Answer:
2.28% (2 d.p.)
Step-by-step explanation:
The shelf life of a particular dairy product is normally distributed with a mean (μ) of 12 days and a standard deviation (σ) of 3 days.
Therefore:
[tex]\rm X\sim N \left(\mu,\sigma^2\right)\implies \boxed{\rm X \sim N \left(12, 3^2\right)}[/tex]
where X is the shelf life in days.
To calculate the percentage of dairy products that have a shelf life of less than 6 days, we need to find P(X < 6), which is the same as P(X ≤ 6) since, in a continuous normal distribution, the probability of obtaining a specific value is zero.

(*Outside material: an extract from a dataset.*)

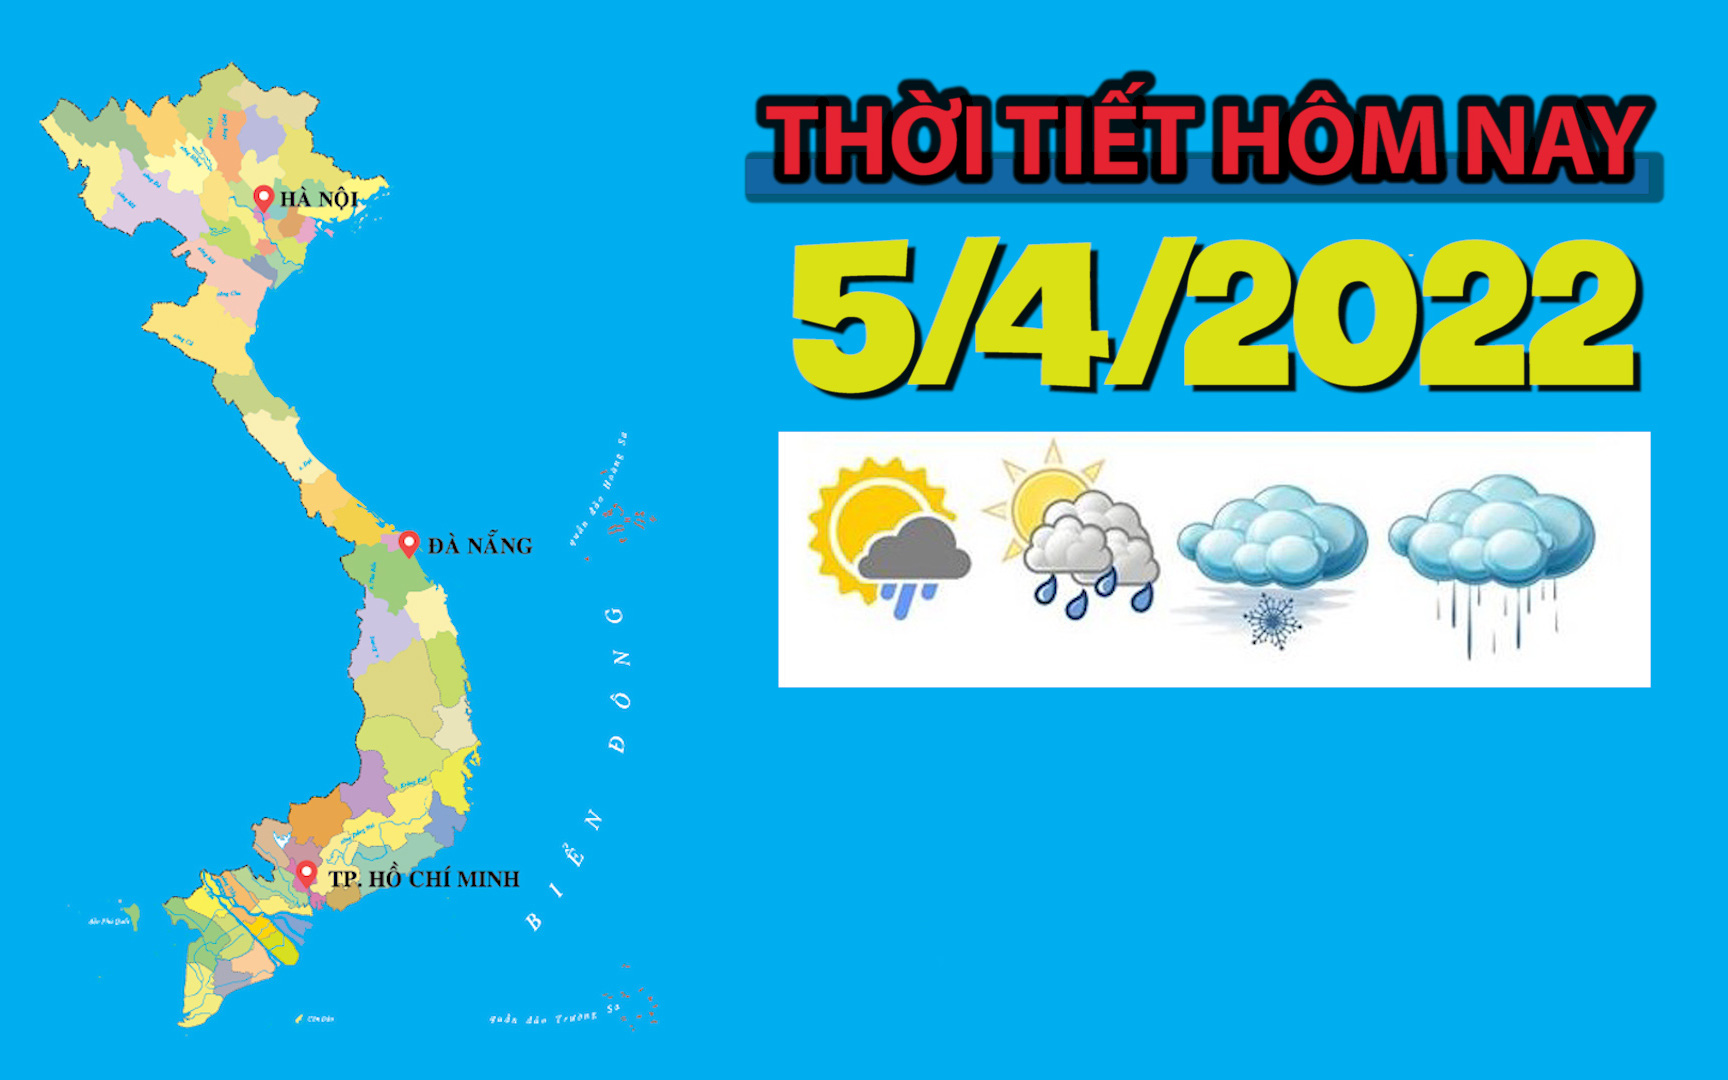 Thời tiết hôm nay 5/4/2022: Khu vực Trung Bộ, Tây Nguyên và Nam Bộ mưa vừa, mưa to
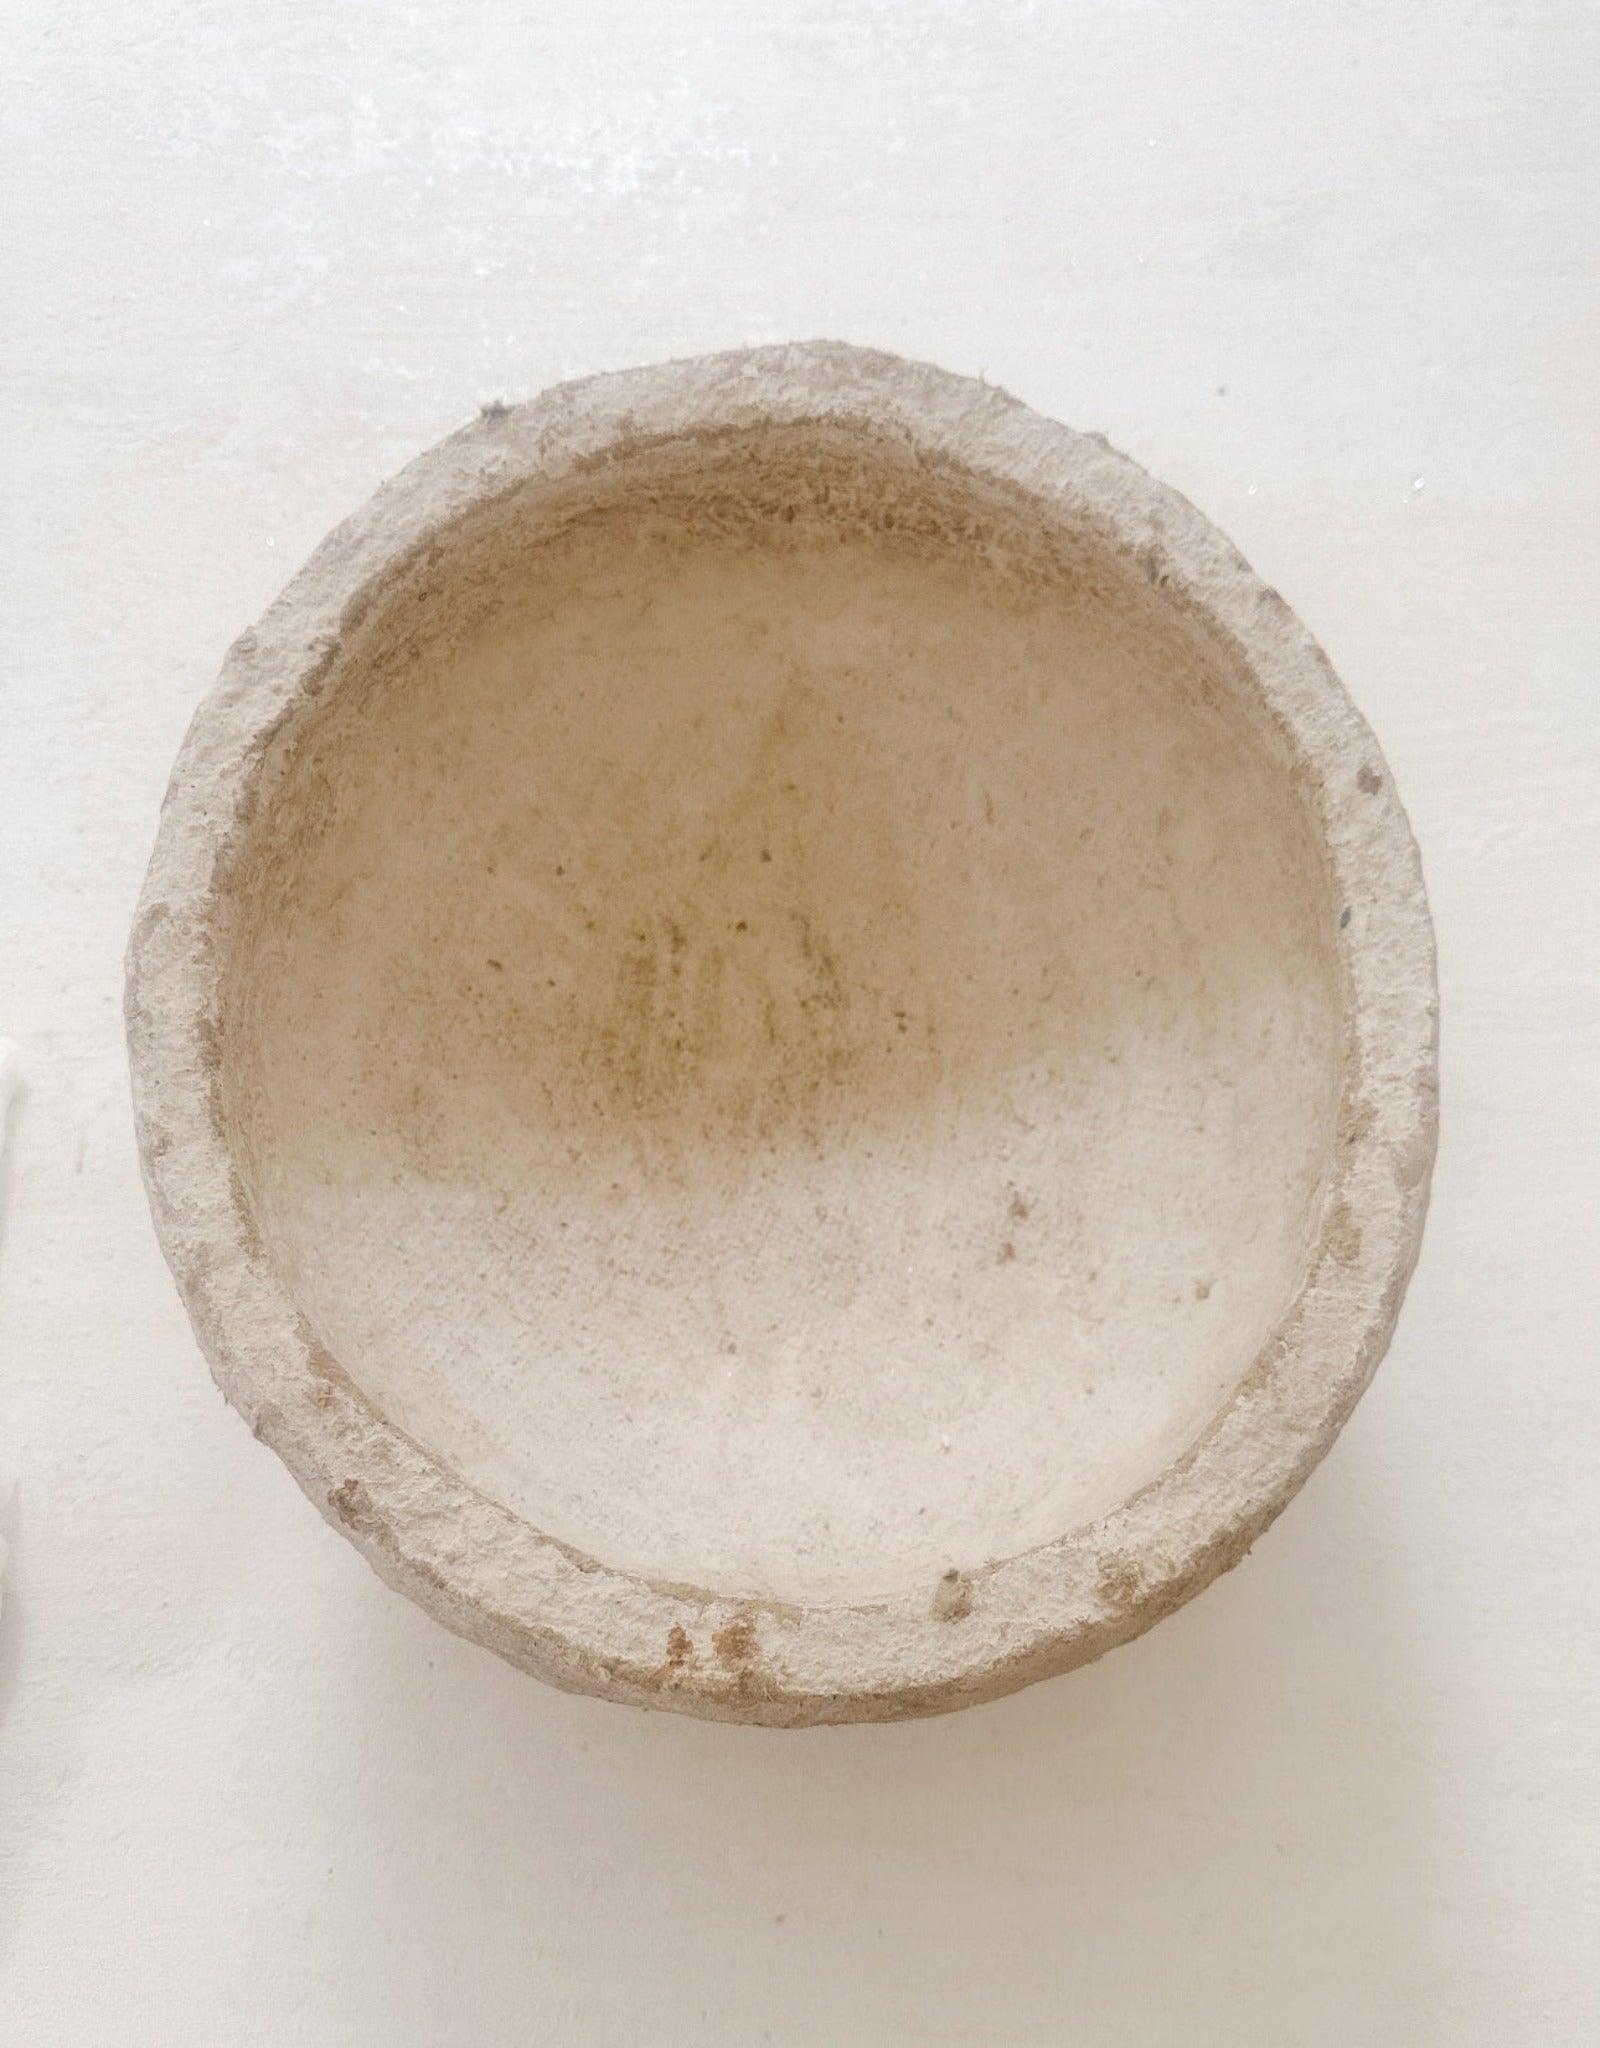 Vintage Paper-Mache Handmade Bowl, Papier-Mache Decorative Bowl - Ivory Lane Home

Calculator input for "normal cumulative distribution function (cdf)":
- Lower bound: x = -100
- Upper bound: x = 6
- σ = 3
- μ = 12
This gives the percent of dairy products that have a shelf life of less that 6 days as:
P(X ≤ 6) = 0.02275013...
P(X ≤ 6) = 2.28% (2 d.p.)
To use the standard normal distribution (z-score) and then consult the z-tables, transform X to Z:
[tex]P(X \leq 6)=P\left(Z\leq \dfrac{6-12}{3}\right)=P(Z\leq -2)[/tex]
According to the z-tables, a z-score of -2 corresponds to approximately 0.0228 in the left tail.
Therefore, the percentage of the shelf life less than 6 days is approximately 2.28%.